I always thought the government was made up of people.

The government is comprised of a small percentage of "the people" and they seem to have forgotten who their masters are and any economics courses they may have taken in college don't appear to have sunk in. If you and I ran our personal finances/businesses the way they run the government we'd all find ourselves fighting for a spot in line at the soup kitchen.

A recent example of citizens saying "enough." Note that this took place in a staunchly Democrat city of poor, non-Caucasians in a staunchly Democrat state.

Hundreds of residents of one of the poorest municipalities in Los Angeles County shouted in protest last night as tensions rose over a report that the city's manager earns an annual salary of almost $800,000.

An overflow crowd packed a City Council meeting in Bell, a mostly Hispanic city of 38,000 about 10 miles (16 kilometers) southeast of Los Angeles, to call for the resignation of Mayor Oscar Hernandez and other city officials. Residents left standing outside the chamber banged on the doors and shouted "fuera," or "get out" in Spanish.

It was the first council meeting since the Los Angeles Times reported July 15 that Chief Administrative Officer Robert Rizzo earns $787,637 -- with annual 12 percent raises -- and that Bell pays its police chief $457,000, more than Los Angeles Police Chief Charlie Beck makes in a city of 3.8 million people. Bell council members earn almost $100,000 for part-time work. http://www.bloomberg.com/news/2010-07-20/california-official-s-800-000-salary-in-city-of-38-000-triggers-protests.html

Another story about the hole California has dug for itself: http://www.latimes.com/news/local/la-me-la-city-pensions-20100804,0,5060130.story

Quote: Nat Wicks @ August 5 2010, 4:04 PM BST

Politics is too hard for me to understand really.
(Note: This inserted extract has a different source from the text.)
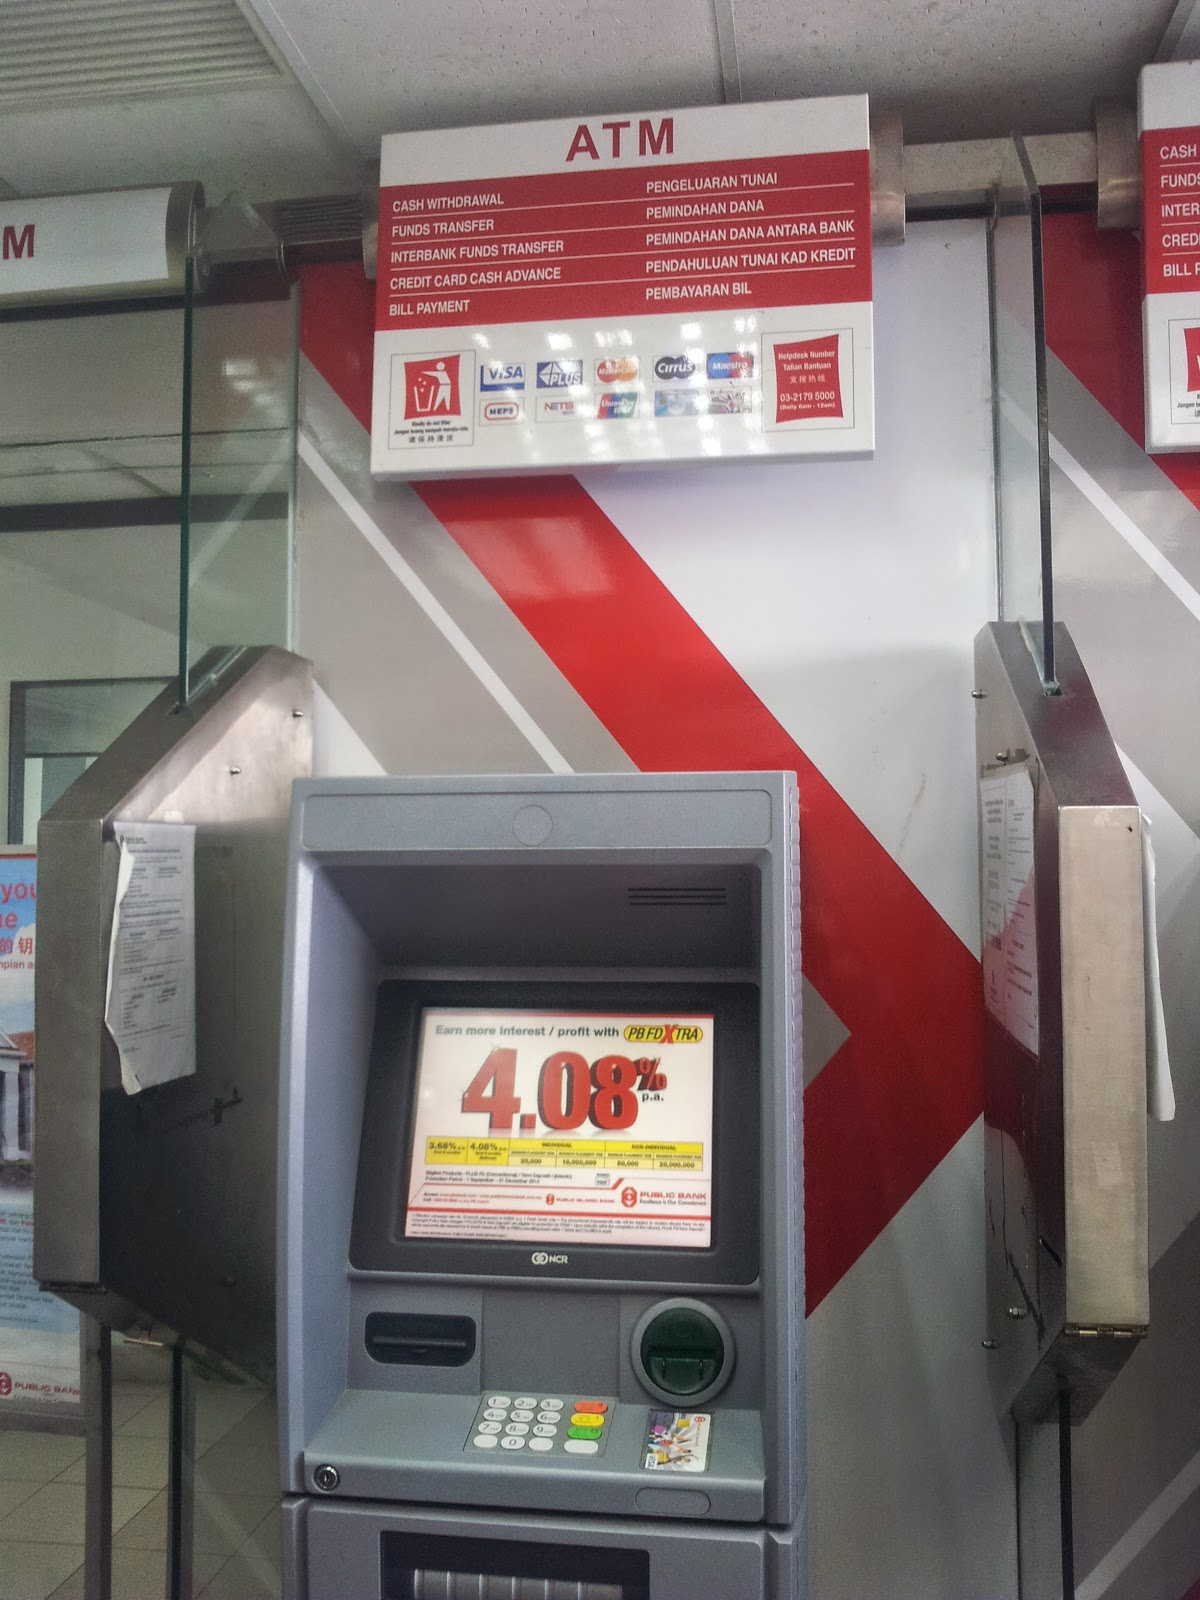 ATM Machine in Sarawak: 20  PUBLIC BANK

The thought of any person or group of people making a decision solely for the good of mindkind is flawed anyway. Human condition all all that.

Who ever said that our government was solely for the good of the people? Most constitutional governments have layers of conflict betweent the diferent areas, because none of them can be trusted.

Quote: DaButt @ August 5 2010, 6:22 PM BST

If you and I ran our personal finances/businesses the way they run the government we'd all find ourselves fighting for a spot in line at the soup kitchen.

If your company had to run the thankless, interconnected, no one else has to do it services that government does. Then I'd be hiding in a cave in Afghanistan.

Quote: sootyj @ August 5 2010, 8:43 PM BST

If your company had to run the thankless, interconnected, no one else has to do it services that government does.

I've seen very little improvement or additions to the basic services provided by the government (defence, infrastructure, social services, etc.) over the last 30 years or so. On the contrary, the military is half the size it was when I served, the retirement age has gone up and social security is broke. Yet why have my taxes gone up? Could it be the fact that government sector jobs are rapidly multiplying as are their benefits and paychecks? The people mentioned above are the first wave of citizens who are going to cut government bloat by voting the offenders out of office. Look what's happening in the heart of the uber-liberal Bay Area:

http://www.mercurynews.com/top-stories/ci_15672528?nclick_check=1

Well the cold war ended.

The population has grown, but the economy is shrinking.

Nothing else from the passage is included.